I would make a thread about this right now.

The puke green is so ugly, how could I tolerate it for so long? I even changed to the Kawaii theme.


----------



## Cthulu (Nov 1, 2017)

Make it fire engine red for the autist


----------



## The Valeyard (Nov 1, 2017)




----------



## Coldgrip (Nov 2, 2017)

Halloween theme is best theme.


----------



## gh0stzero (Nov 3, 2017)

Cthulhu said:


> Make it fire engine red for the autist



Black and red might be nice


----------



## Antipathy (Nov 4, 2017)

tripmix said:


> Black and red might be nice


An autist theme would need little helmets over all of the user icons. Make it happen, @Null


----------



## polonium (Nov 5, 2017)

All green-haters should be purged.


----------



## CabbageMan (Nov 5, 2017)

I just liked the kiwipumpkin logo.


----------



## Staffy (Nov 5, 2017)

tripmix said:


> Black and red might be nice




Black and dark red for the edgy autists out there


----------



## gh0stzero (Nov 5, 2017)

Staffy said:


> Black and dark red for the edgy autists out there



Yeah. Need a theme to show my :autism::autism:


----------



## Mellorine (Nov 5, 2017)

I mourn the loss of the Halloween theme every year.  And if made an option, it should have the Kiwi pumpkin all year.


----------



## Lucifuga (Nov 7, 2017)

Bound to have missed some green in places and probably made things orange - here is a makeshift userstyle


----------



## ConcernedAnon (Nov 7, 2017)

Orange is my jam!


----------



## CrunkLord420 (Apr 13, 2018)

I don't even care why it was turned back on, I forgot how great it looks.


----------



## Stock Photo James (Apr 13, 2018)

While I love black and orange combo the logo being season inappropriate bothers me.


----------



## registereduser (Apr 13, 2018)

CrunkLord420 said:


> I don't even care why it was turned back on, I forgot how great it looks.

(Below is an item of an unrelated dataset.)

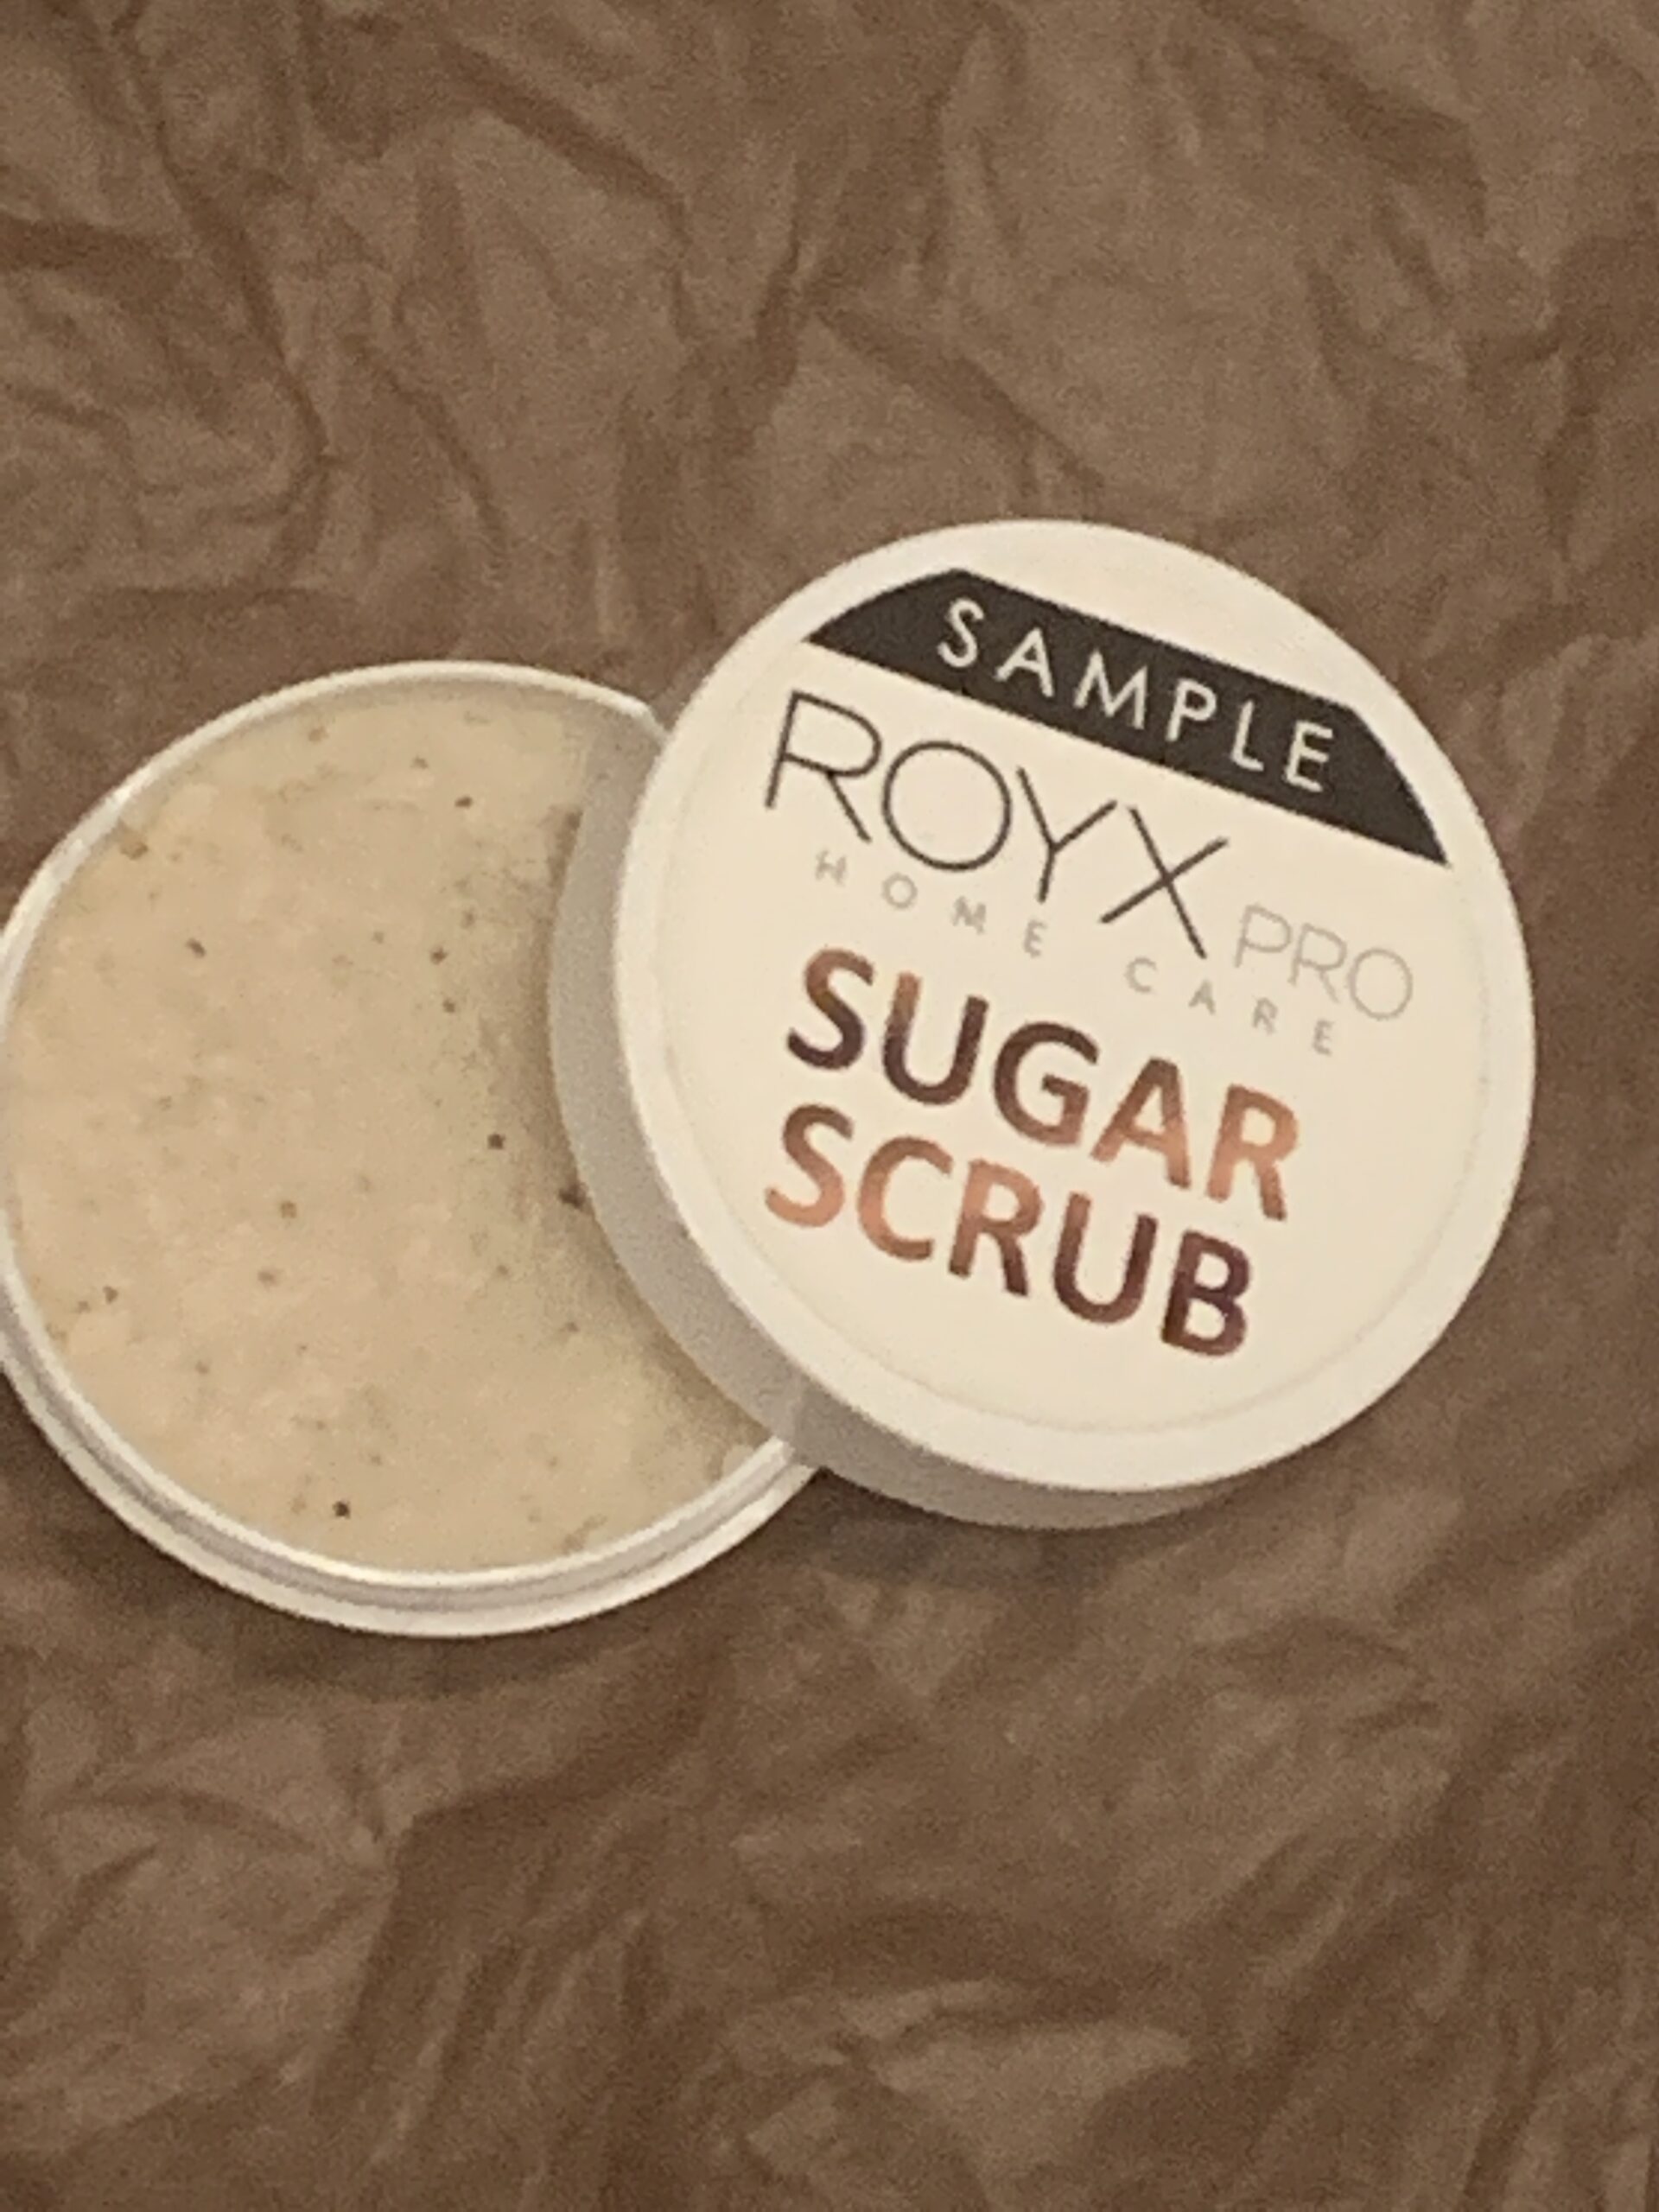 Royx sugar scrub

I'm assuming because it's Friday the 13th?


----------



## Ashley1995 (Apr 13, 2018)

Why is it black and orange? It's not a holiday now or anything.


----------



## Mellorine (Apr 13, 2018)

The farms looked so nice today.




Ashley1995 said:


> Why is it black and orange? It's not a holiday now or anything.



Jason Vorhees disagrees.

Edit: And ten minutes later it's gone.  One last memory to savor before it's all radioactive dust.


----------